Added Value of Japan’s Major Asset Management Companies Being Challenged by DX and Globalization


February 16, 2022

  • Hayanari Uchino
  • Masahiro Nakamura


◆The structure of the asset management company’s business environment is changing, and reform of the business model is required.

◆The first of these changes is that, despite a significant increase in assets under management (AUM), financial market volatility has increased in the context of the historically low interest rate environment, and the burden of risk management on asset management companies has increased. In addition, regulatory compliance for fiduciary duties, etc., and the cost burden for environmental, social, and governance integration, which integrates ESG elements into the investment platform, are also increasing.

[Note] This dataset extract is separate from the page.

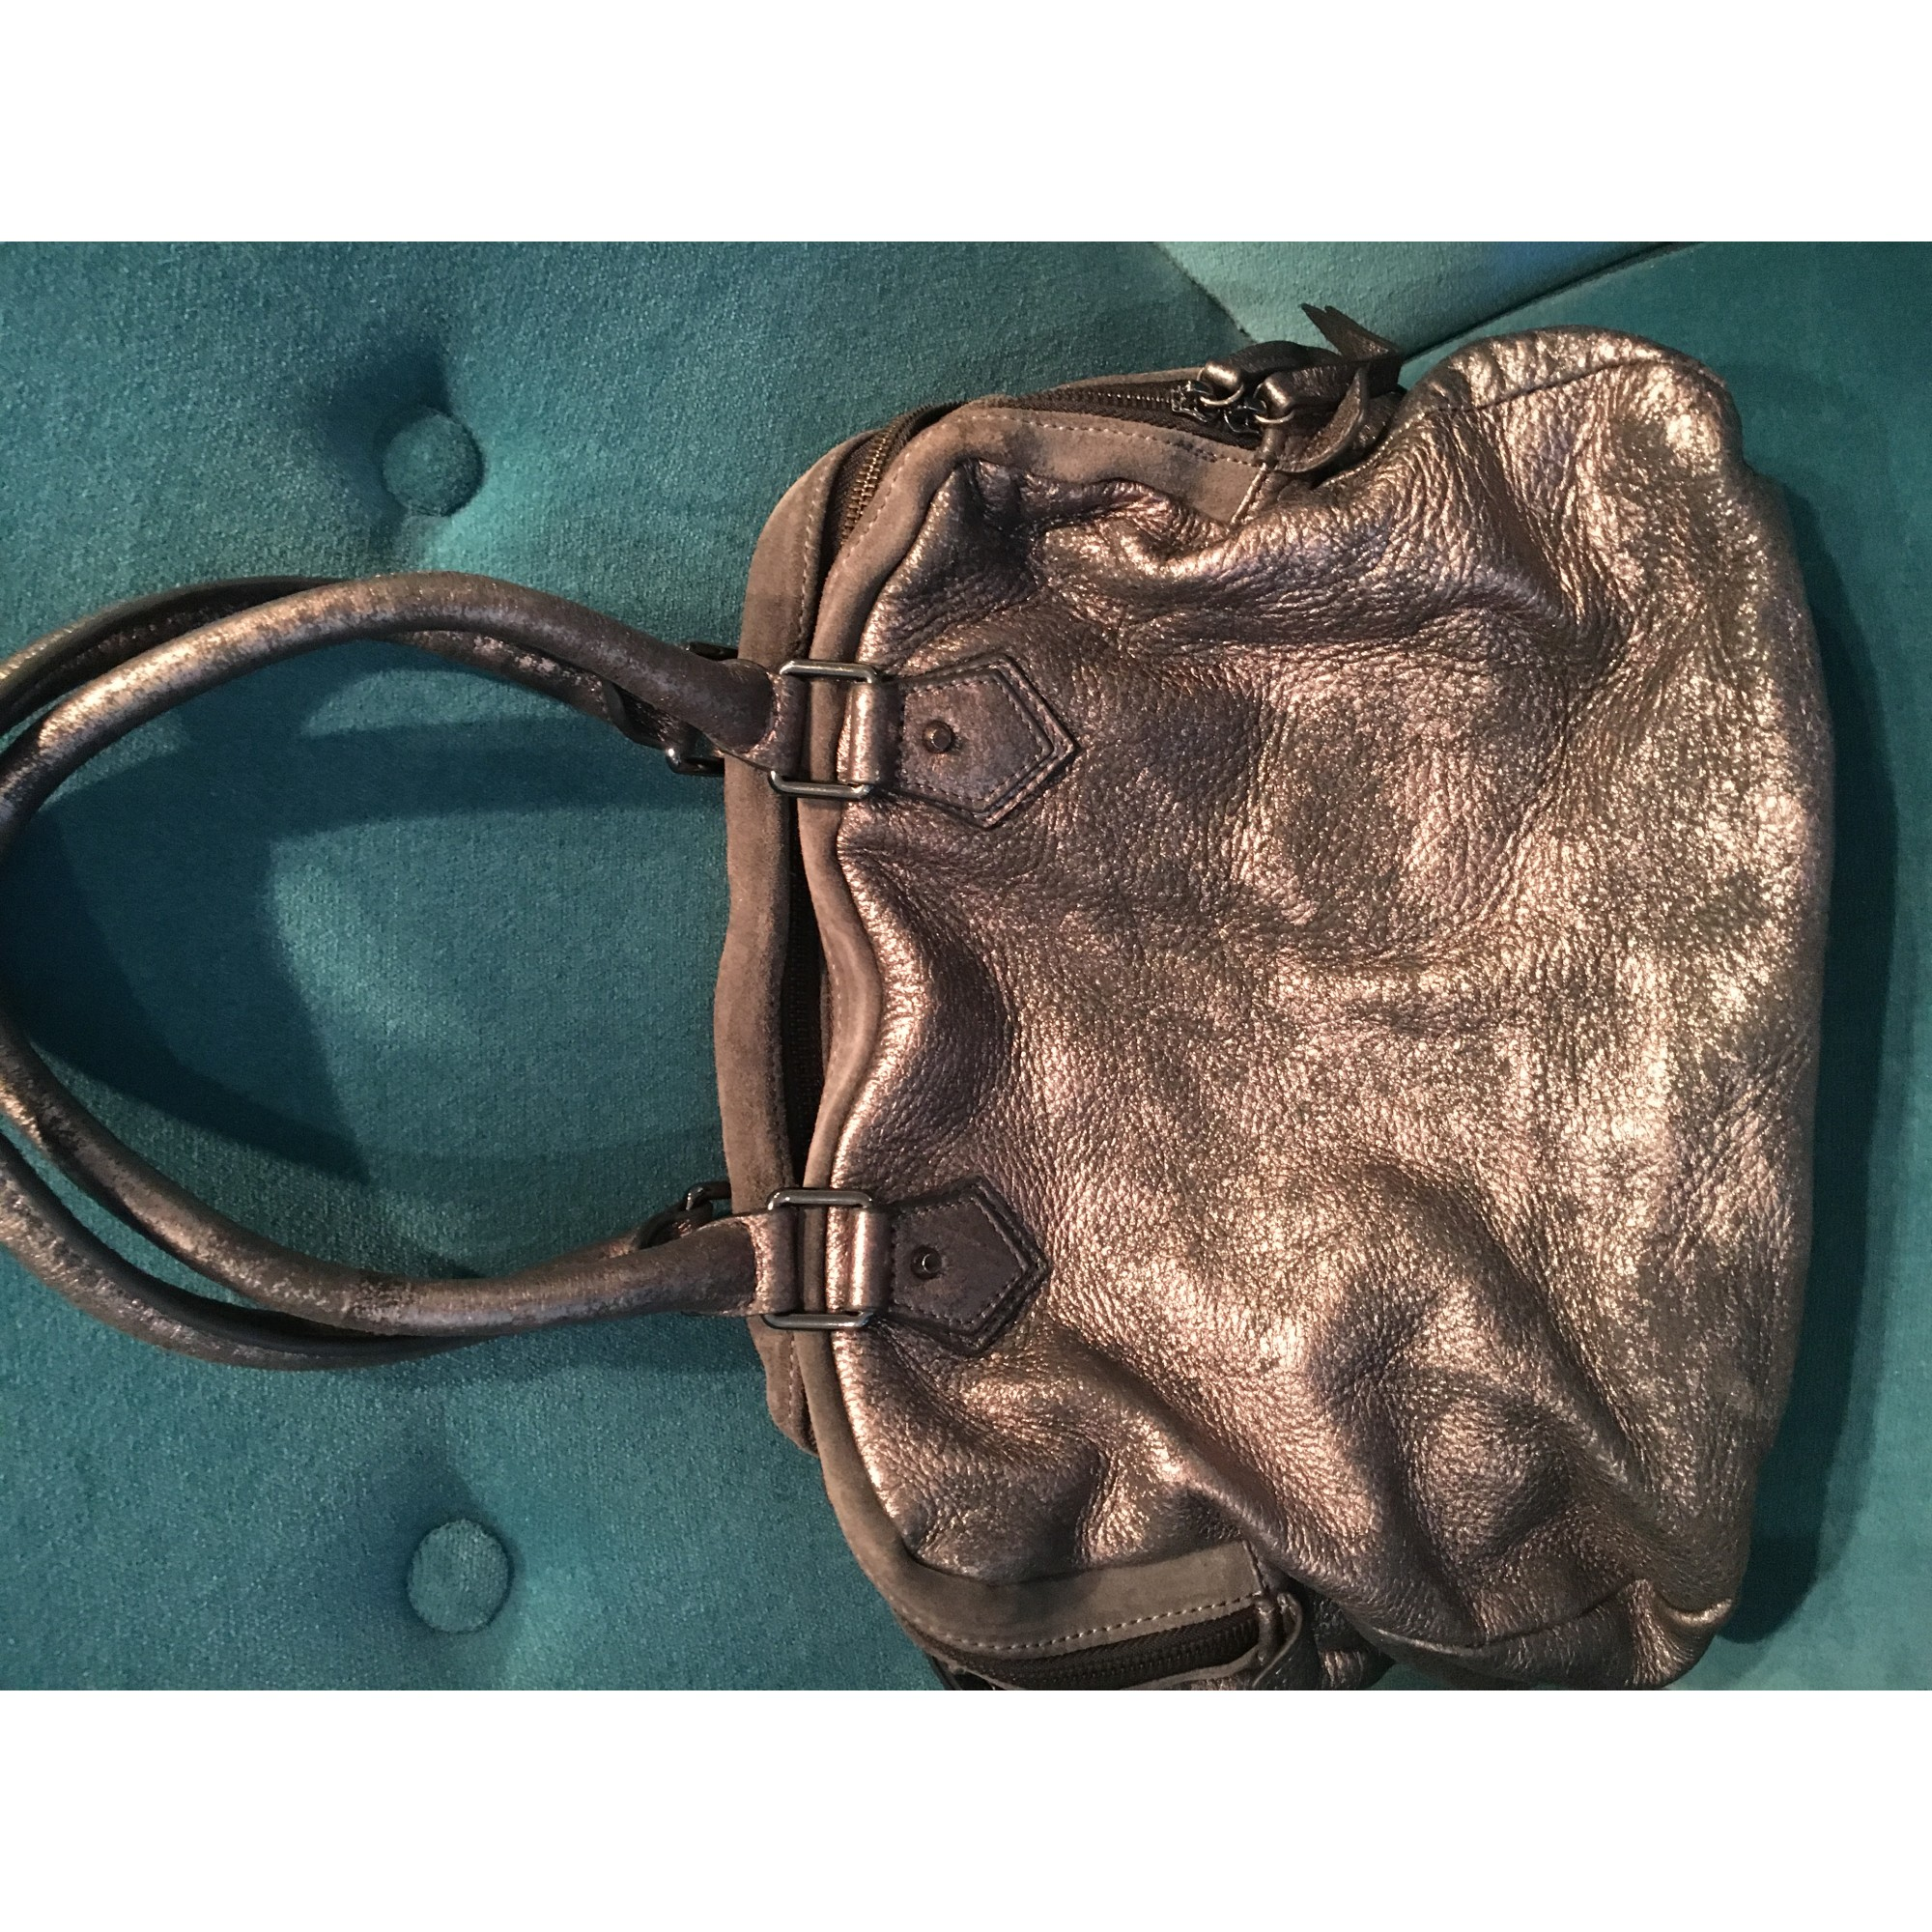 Sac à main en cuir CAROLL gris vendu par Le dressing de karine - 6692480 f4d32bf1840

◆The second change is the increasing trend toward index investing, which has increased downward pressure on compensation against the backdrop of heightened doubts on the part of investors regarding value for money (added value commensurate with expenditures) for active management.

◆A third change is the diversification of sales channels through digital technology (progress in the separation of production and sales and the emergence of robo-advisors).

◆These changes are transforming the business model by employing technology-driven investment platform strategies and strategies that specialize in integrated asset classes for large global AUM asset managers.

◆In this report, we will show the direction of the business models of major Japanese asset management companies in response to the full-fledged changes in industrial structure observed in the above three factors in Europe and the United States.